Legendary engine of innovation
The Wieland Testing Institute – important base for success
Continuous improvement and innovation were supported by a firm framework from 1902: From then on, the testing institute has been responsible – away from everyday operations - not only for quality assurance, but also for the development of new alloys and production technologies.
Innovation and quality have been in Wieland's genes from the very beginning. Already the founder Philipp Jakob Wieland expanded his product range by developing new metallurgical processes and brought them to production readiness, always combined with exceptionally high quality standards.

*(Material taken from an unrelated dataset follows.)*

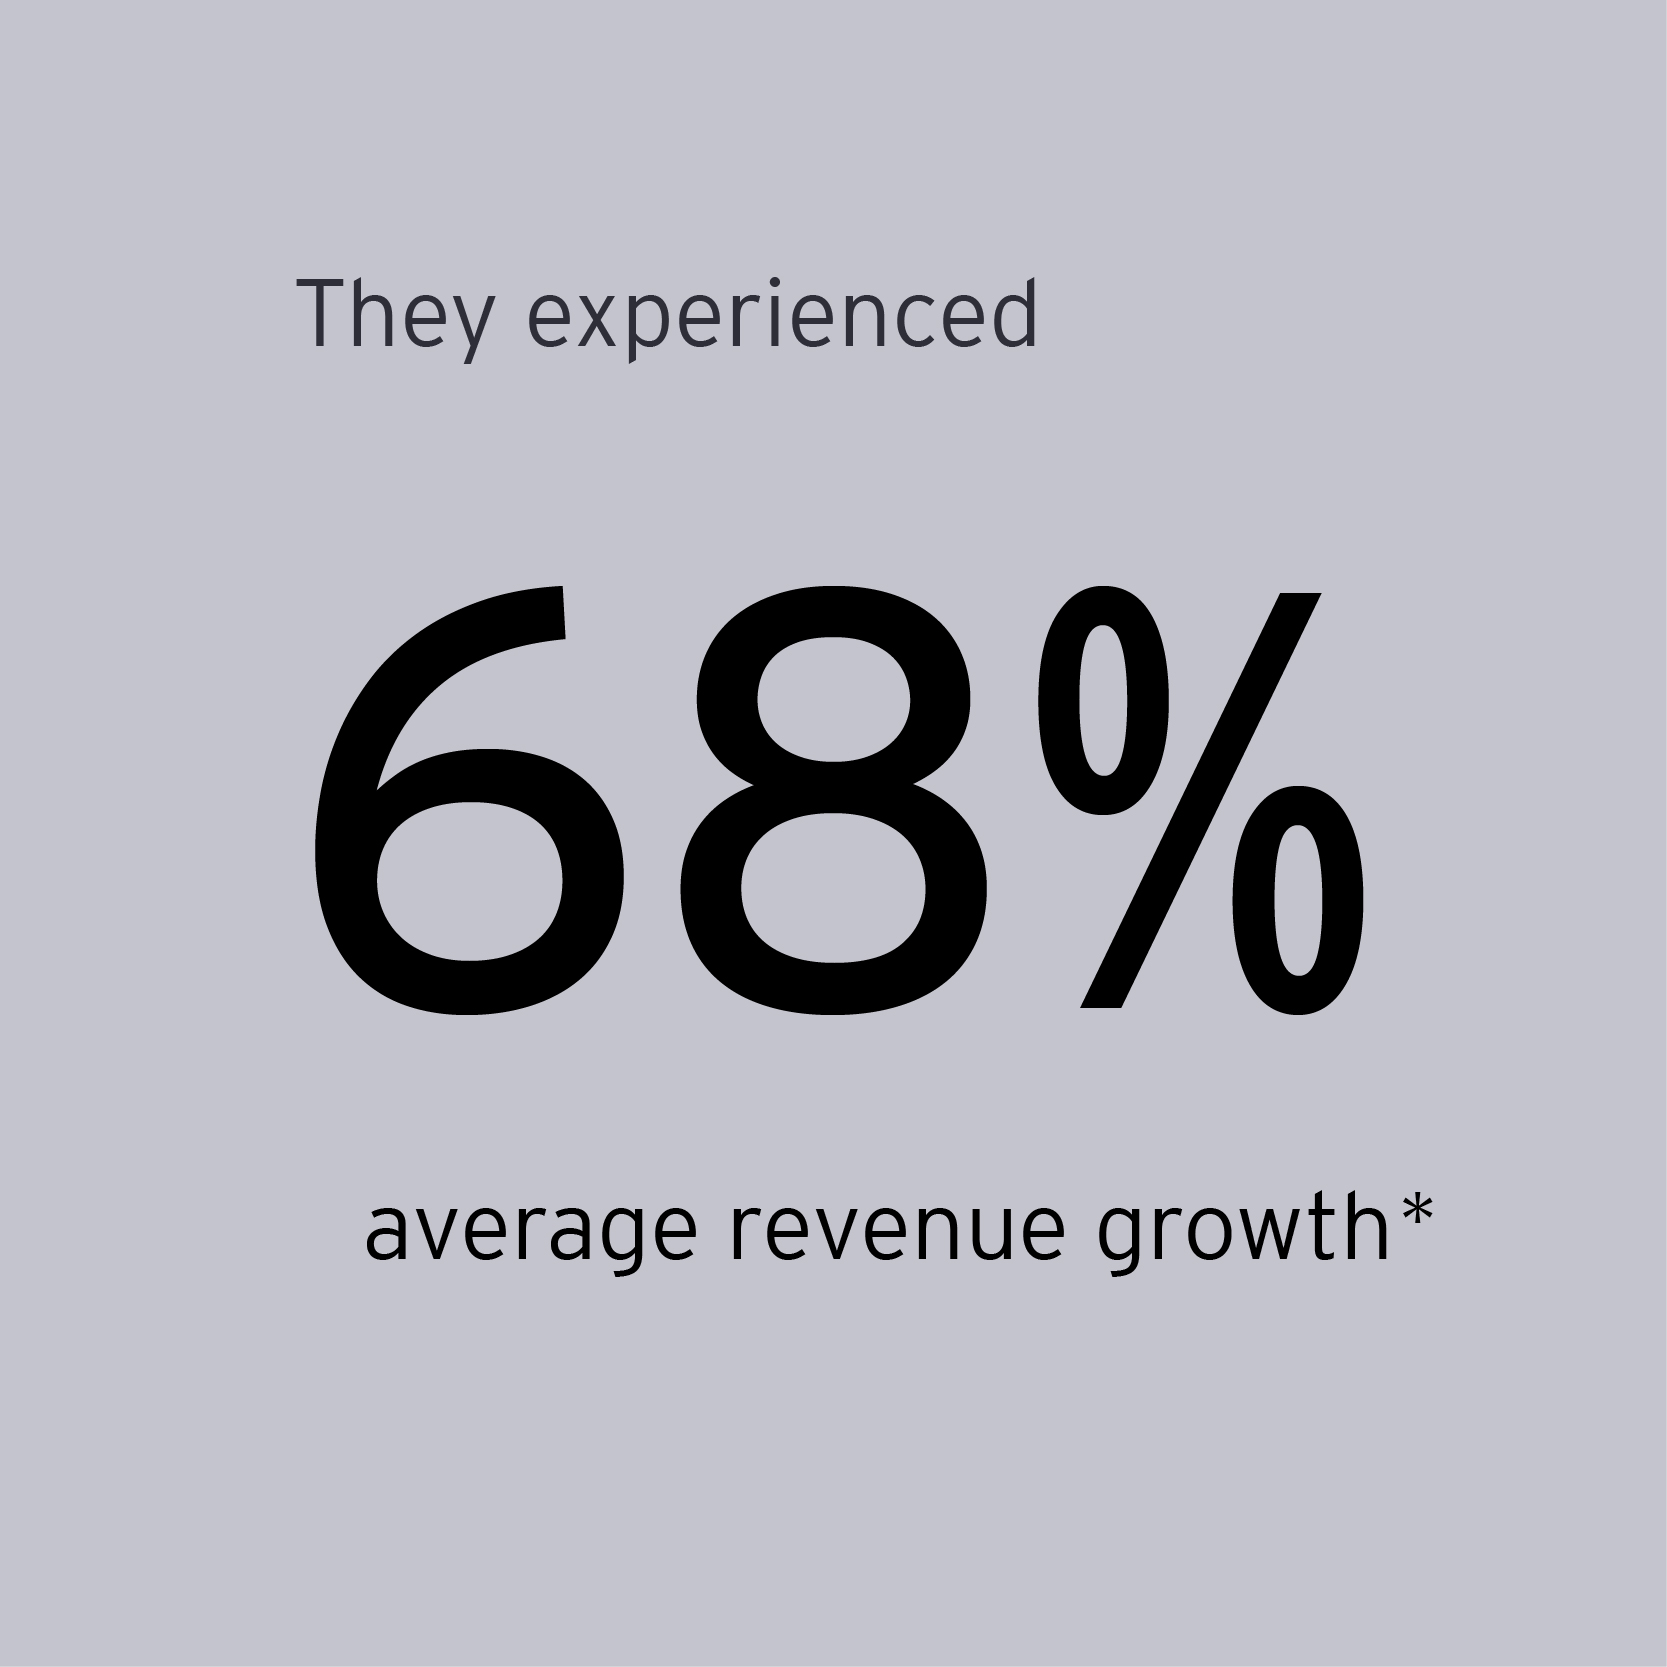 EOY winners experienced 68% average revenue growth

With the start of large-scale industrial production at the end of the 19th century, however, previous innovation methods of "try-and-error" were reaching their limits - especially as scientific metallurgy was making rapid progress and increasingly complex production processes, such as extrusion, were gaining ground.
Against this background, Wieland decided in 1902 to take an important, at the time ground-breaking step: A central testing laboratory was set up – away from the operating departments – under the name "Testing Institute". Initially only concerned with strength tests and chemical analyses, metallographic and physical tests were soon added. From 1927 onwards, Dr. Hans Wieland systematically expanded the testing institute into a research and development department which, among other things, laid the foundation for light metal processing in the 1930s.

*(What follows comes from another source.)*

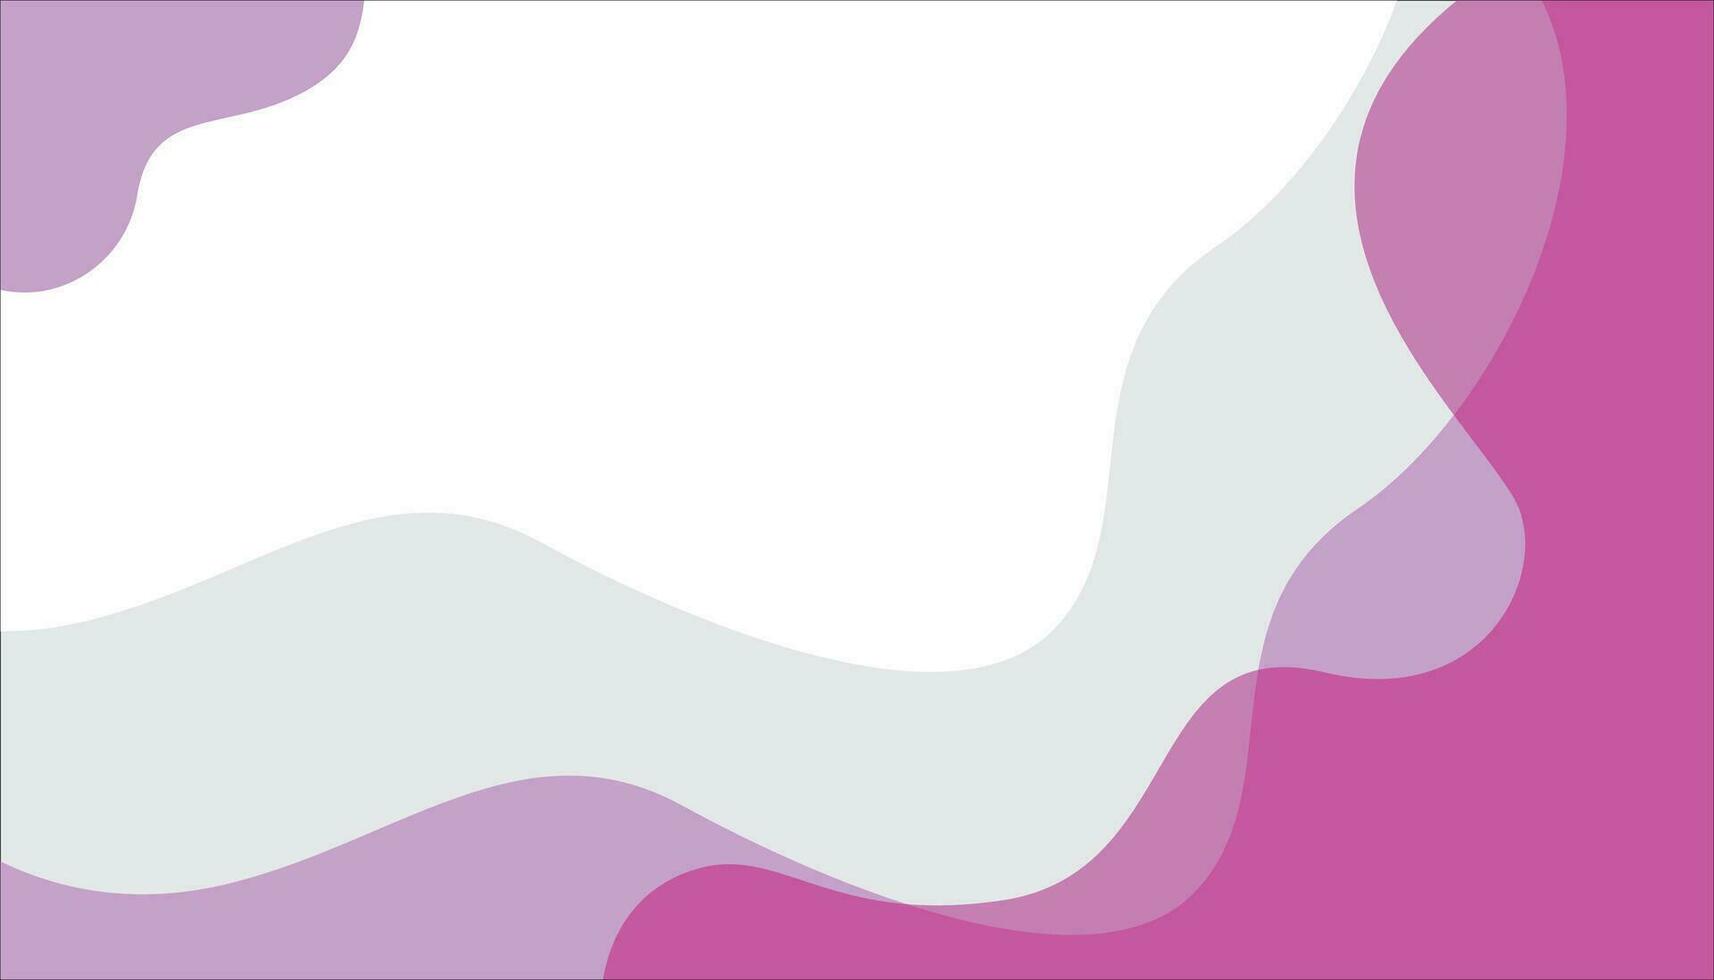 Aesthetic wave pink elegant background vector

An important feature of the institution now called "Prüf- und Forschungsanstalt" (testing and research institute) was the transfer of what is theoretically possible into what is practically feasible. For this purpose, machines and equipment for the production and processing of new alloys were installed in the "technological department" and subsequent production processes were simulated on a small scale.

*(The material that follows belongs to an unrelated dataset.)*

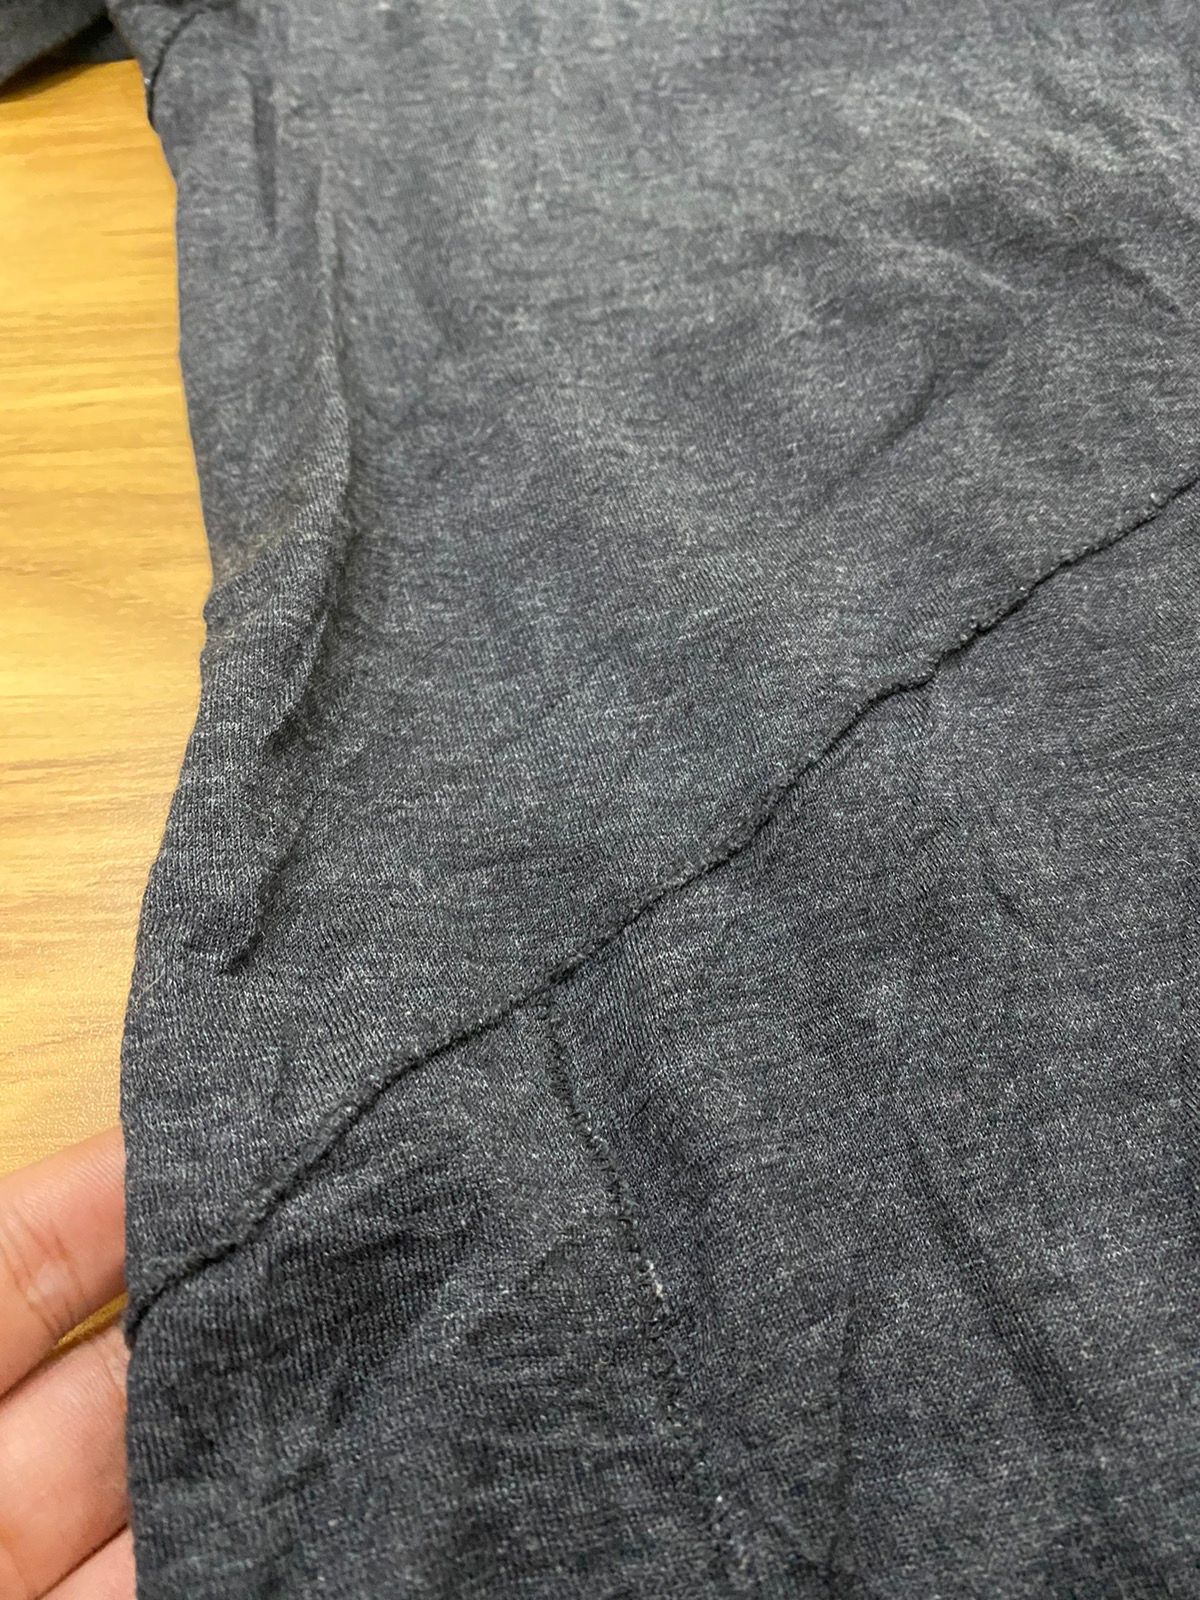 AW91 Rei Kawakubo Cut And Sew Wool Sample L/S Shirt - 4

The importance of the "Prüf- und Forschungsanstalt" for Wieland became unmistakably clear in 1958: A new, generously dimensioned building was erected in Vöhringen with more than 2,600 square metres space for around 90 - mainly scientific – employees to research, develop and test. For example, samples from the foundry, which arrived by pneumatic post, could immediately be examined.
Later, the "Prüfanstalt", as the legendary forge of innovation is still called internally today, was transferred to the Wieland central laboratory, where research and development is carried out by various R&D departments. However, an important concept for success remains unchanged: Even today, new production processes are simulated and optimised in the "Technikum", initially on a small scale.